# [What you should do]
Output only the lines below from the one holding "Copy of 1995 Guitar Magazine" down to the one holding "Banderas de EEUU", both end lines included and every picture dropped.

# [Records to use]
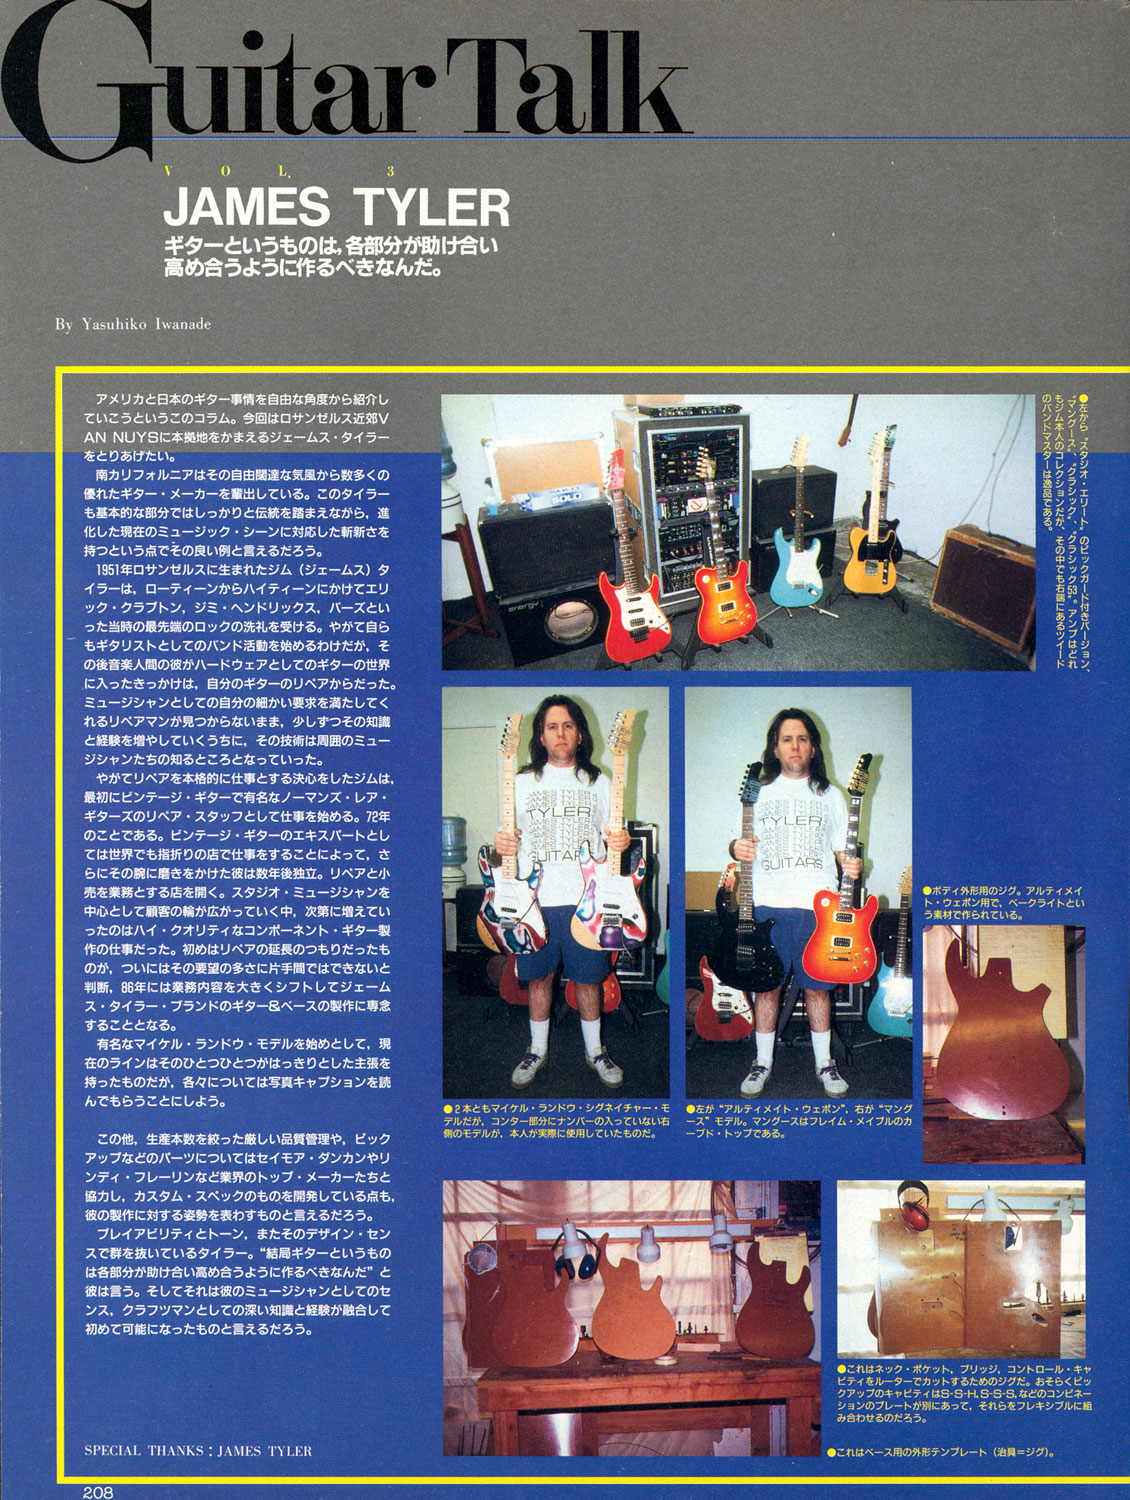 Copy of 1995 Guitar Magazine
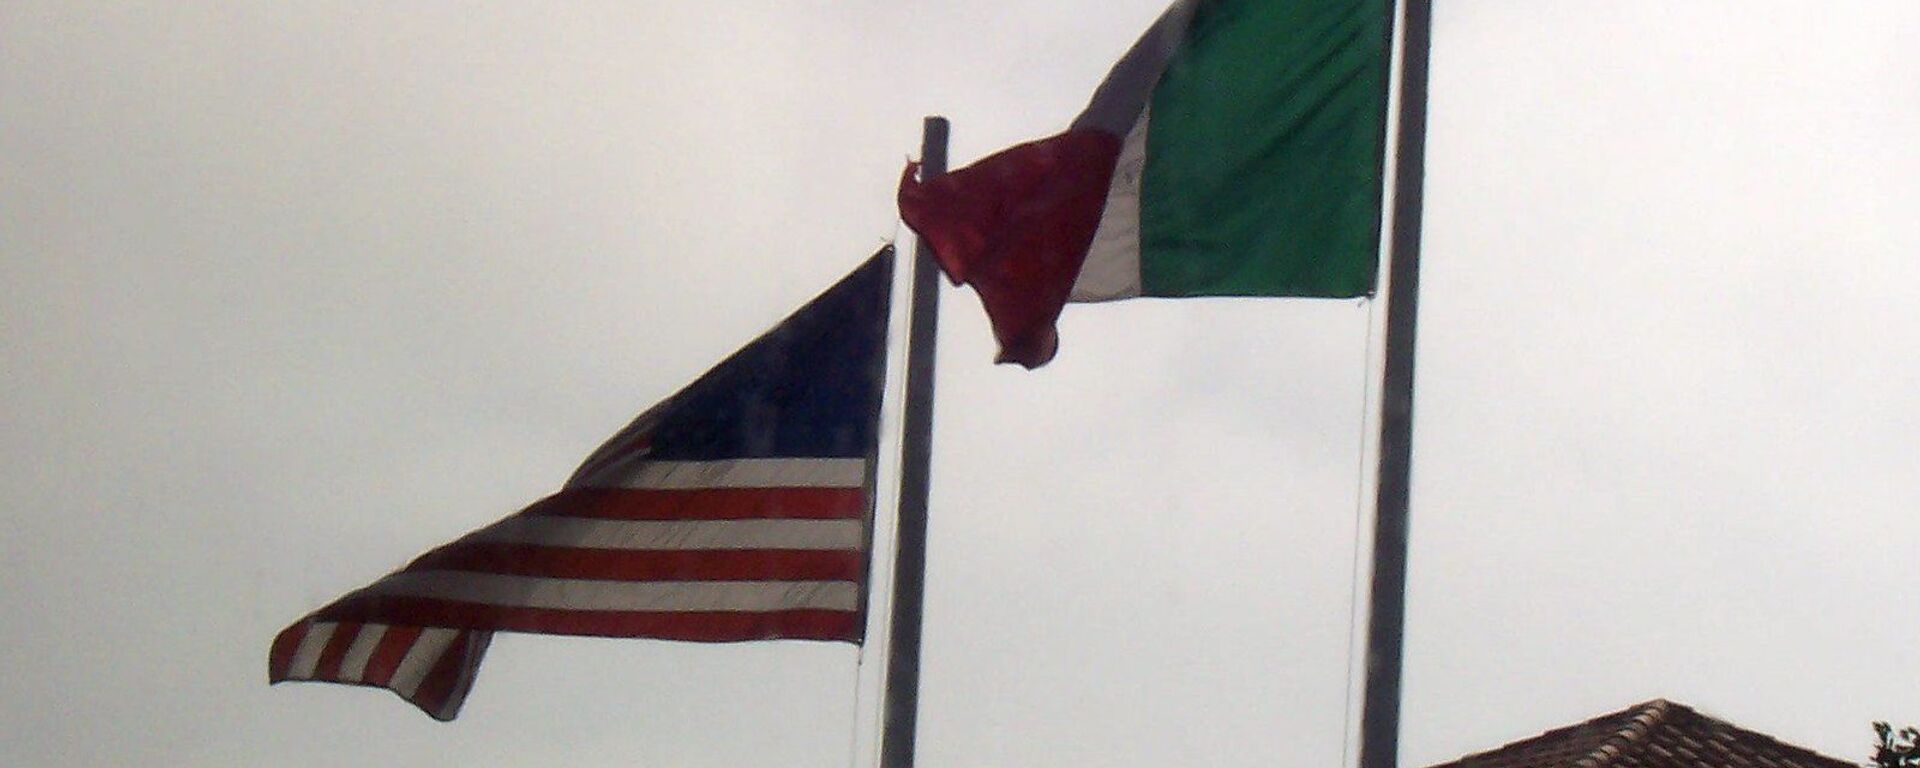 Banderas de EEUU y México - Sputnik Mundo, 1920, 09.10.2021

==

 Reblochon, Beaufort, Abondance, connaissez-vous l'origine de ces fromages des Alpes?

# [Solution]
 Copy of 1995 Guitar Magazine
 Banderas de EEUU y México - Sputnik Mundo, 1920, 09.10.2021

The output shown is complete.